Project Summary/Abstract The goal of this revised R01 is to determine how a hypothalamic region integrates and then processes hormone and CNS metabolic cues to affect sex-dependent physical activity behavior in female mice. We showed previously that loss of hormone-responsive neurons in the medial basal hypothalamus (MBH) diminishes activity only in female mice. In new work, we discovered that a small, discrete cluster of melanocortin 4 receptor (Mc4r)-expressing neurons in the ventrolateral region of the ventromedial hypothalamus (VMHvlMC4R neurons) increases female activity and promotes weight loss when activated.
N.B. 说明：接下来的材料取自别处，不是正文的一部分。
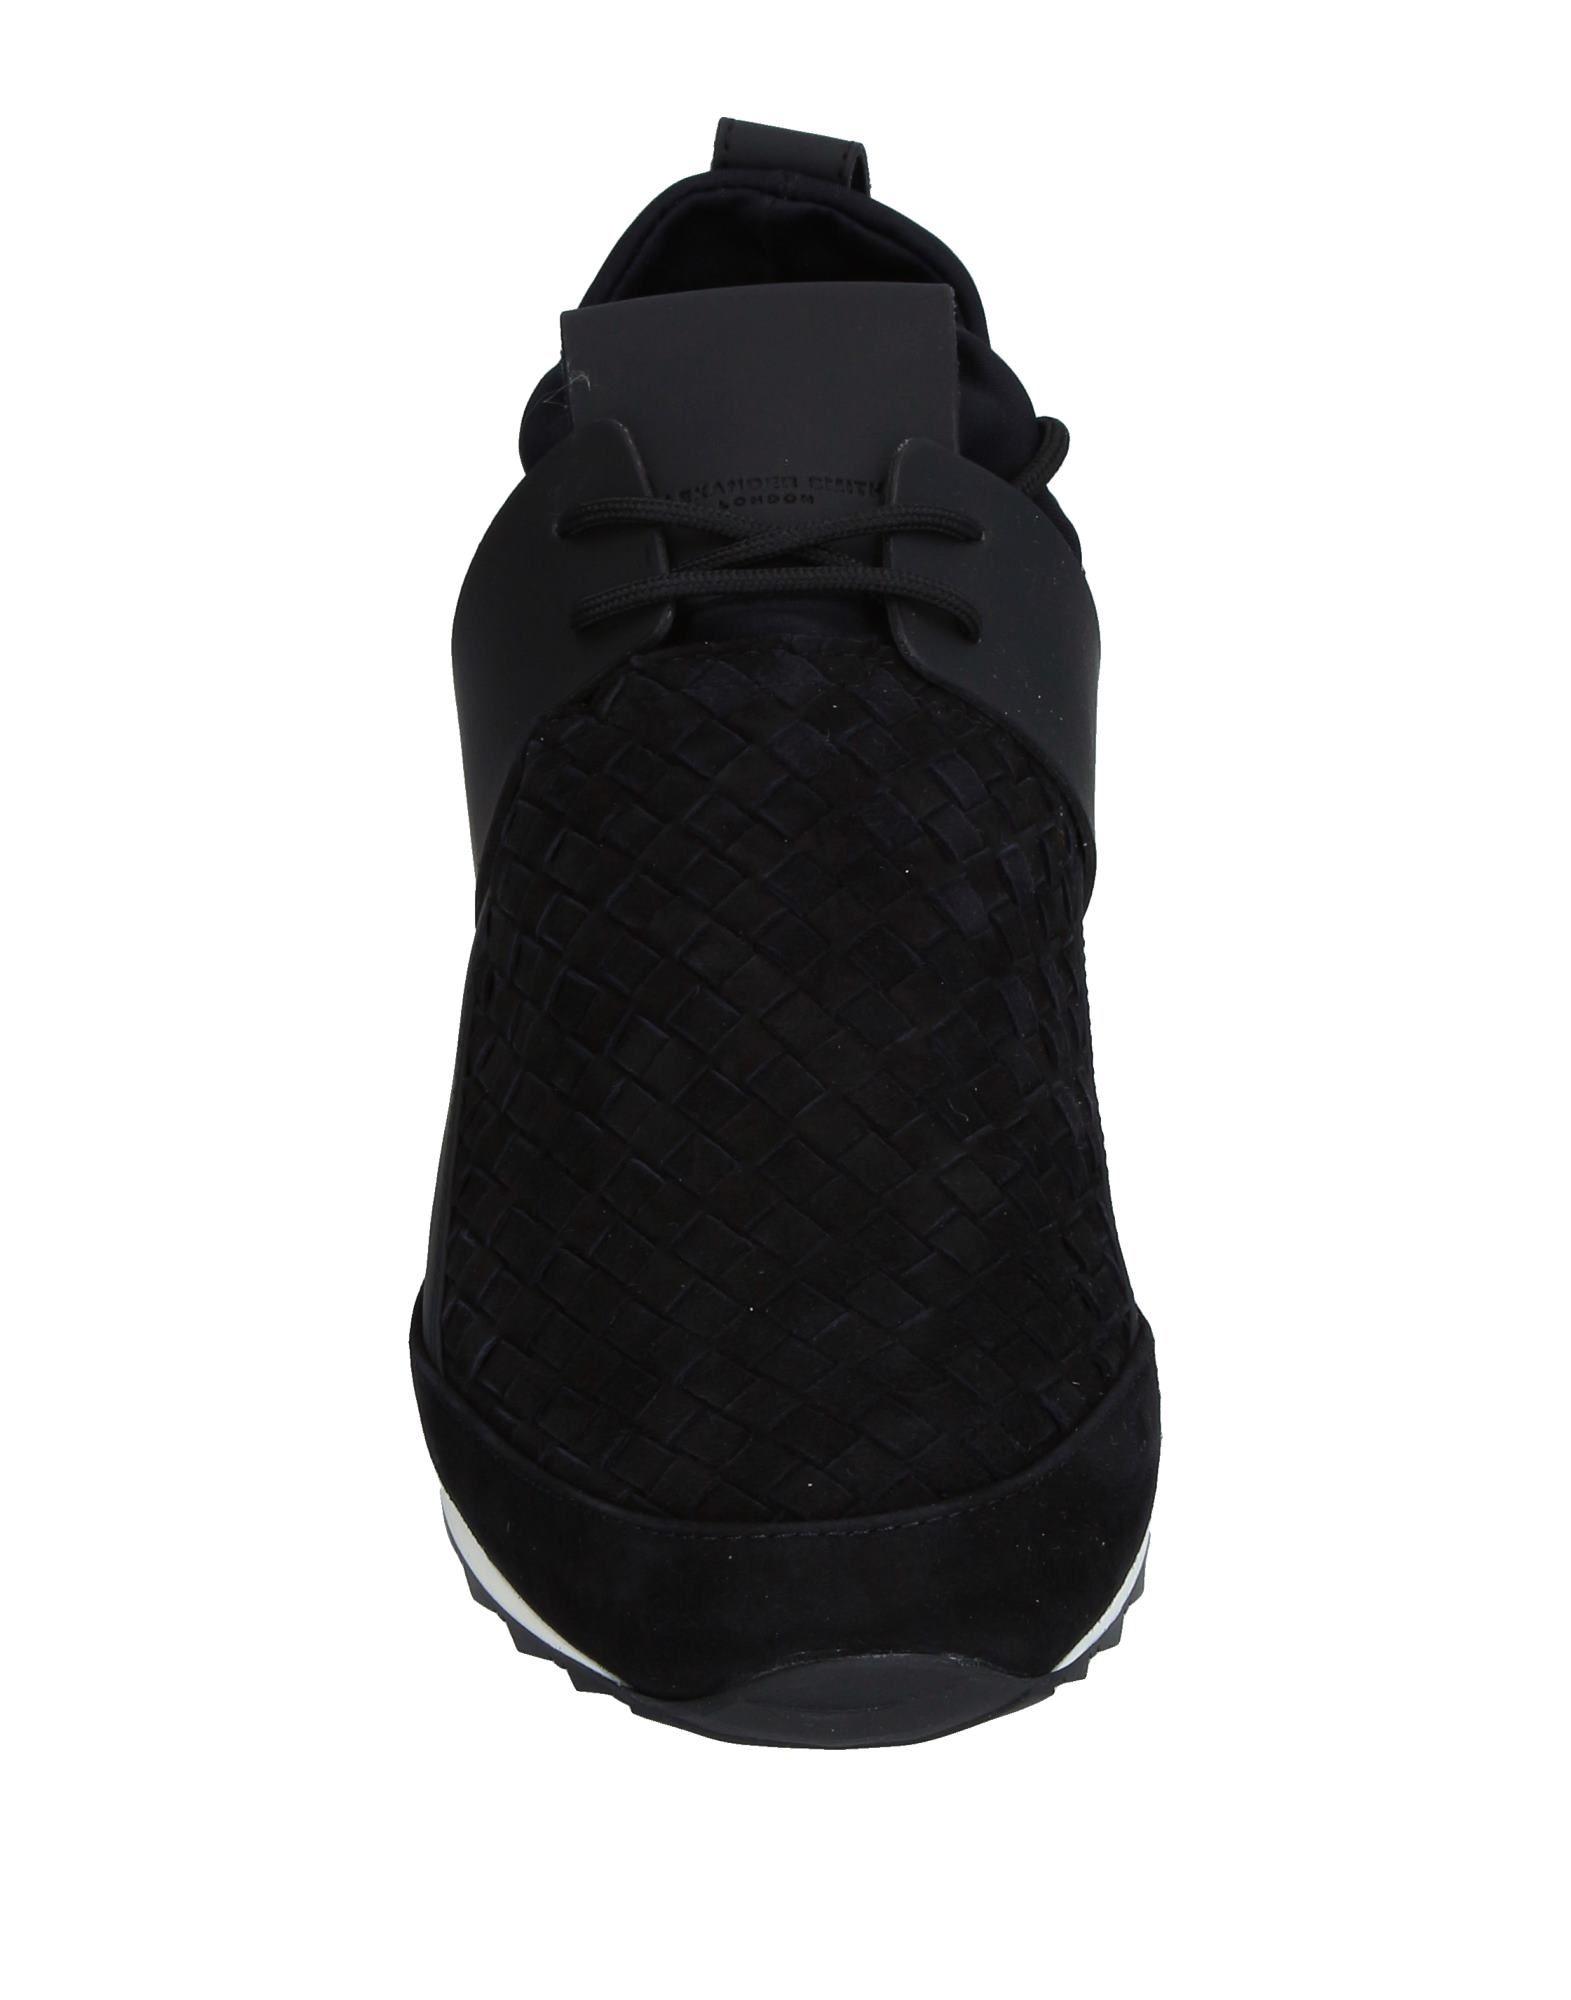 Rabatt echte Schuhe Alexander Smith Sneakers Herren  11234047GR

Increasing dosage of Mc4r in the VMHvl of wild type female mice by CRISPRa increases distance traveled leading to weight loss when pair-fed with control mice. Here, we will ask if this VMHvlMC4R node can be exploited to mitigate age-related and environmental- induced metabolic challenges and also define the mechanistic pathway and circuits responsible for regulating this module. Aim 1 will ask if the VMHvlMC4R node depends on hormones, can improve metabolic deficits, and whether silencing this node (inhibitory DREADDs) results in lowered physical activity behaviors. Aim 2 will confirm that Mc4r is an integral part of this node and define other signaling components that participate in the VMHvlMC4R activity node. Aim 3 will address the physiological consequences of melanocortin and estrogen signaling in modulating VMHvlMC4R neuron activity by electrophysiology brain slice recordings with the Gao lab (Yale) and begin mapping inputs that interact with VMHvlMC4R neurons. We posit that this ancillary VMHvlMC4R female-module disengages in states of low or no estrogen (estrus or post-menopause period) thereby reducing metabolic fitness. Our approaches to define the molecular basis of this VMHvl activity node are highly innovative and likely to provide novel insights into how fluctuating hormone-status in a normal cycling female or during different life-stages drives physical activity behaviors.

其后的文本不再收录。